At this point, the only remaining step is to see if the certificate has been revoked by the Certificate Authority (due to a possible compromise of the certificate or of the Certificate Authority itself). Since the list of root certificates that are stored on user’s computers are not frequently updated (the list is usually selected by the OS or browser vendor), there must be a way for the software to dynamically query the Certificate Authority to check if there is a problem with the certificate. This is accomplished using 2 different techniques: certificate revocation lists (CRLs) and an online check called Online Certificate Status Protocol (OCSP).
CRLs are lists that are periodically issued by a CA that contains a list of certificate serial numbers that have been deemed to be invalid by the CA. The CRL also contains a date range indicating when the CRL should be considered expired and a new list should be obtained. Browser software is expected to regularly download the CRLs for all root certificates that it has knowledge of. When using CRLs, the final check for a certificate’s validity is to verify that the certificate’s serial number does not appear in the latest CRL for the CA.
OCSP is a protocol that is used by browser software to query a CA dynamically for the revocation status of a certificate. The query request contains the serial number of the certificate being checked as well hashes of the issuer name and public key. The request is sent to a OCSP server operated by the CA. The response will either indicate that the certificate is valid, revoked, or is unknown. When using OCSP, the final check for a certificate’s validity is to verify that the CA’s OCSCP server reports back that the certificate is ‘good’.

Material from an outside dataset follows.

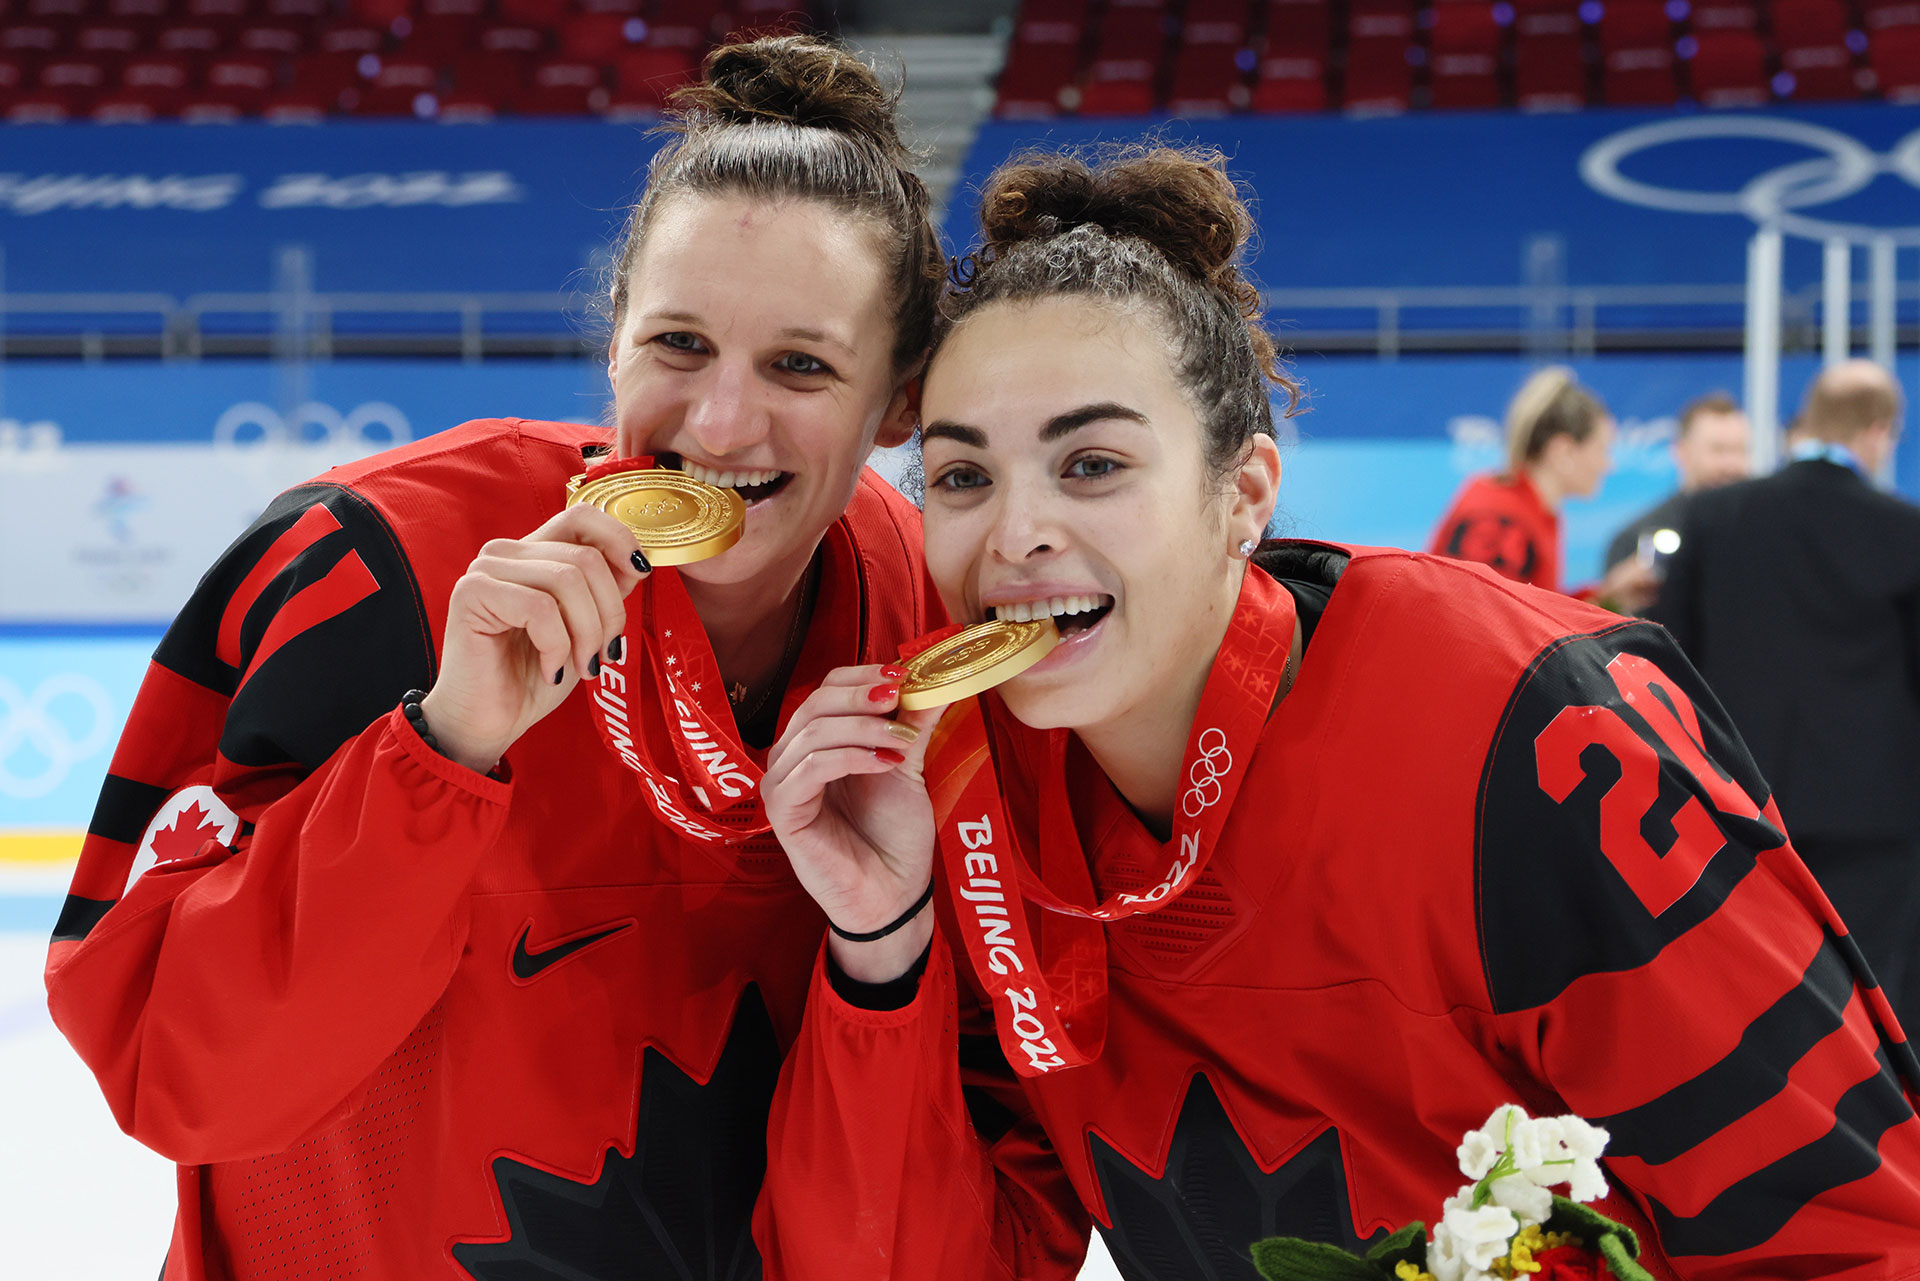 RAW VIDEO: Toronto fans react to Team Canada women's hockey gold

In summary, the certificate validation process is complex and resource intensive. The PKIX community has recognized this as becoming more of a problem with the prevelance of mobile devices that have limited processing resources. A solution that is being proposed is a mechanism to offload the responsibility of performing all of the certificate validation steps to a centralized server that is trusted by users. This mechanism is called Server-Based Certificate Validation Protocol defined in RFC 5055. In a future post, I’ll examine more about SCVP and discuss different use cases for how it can be deployed to provide security in mobile wireless networks.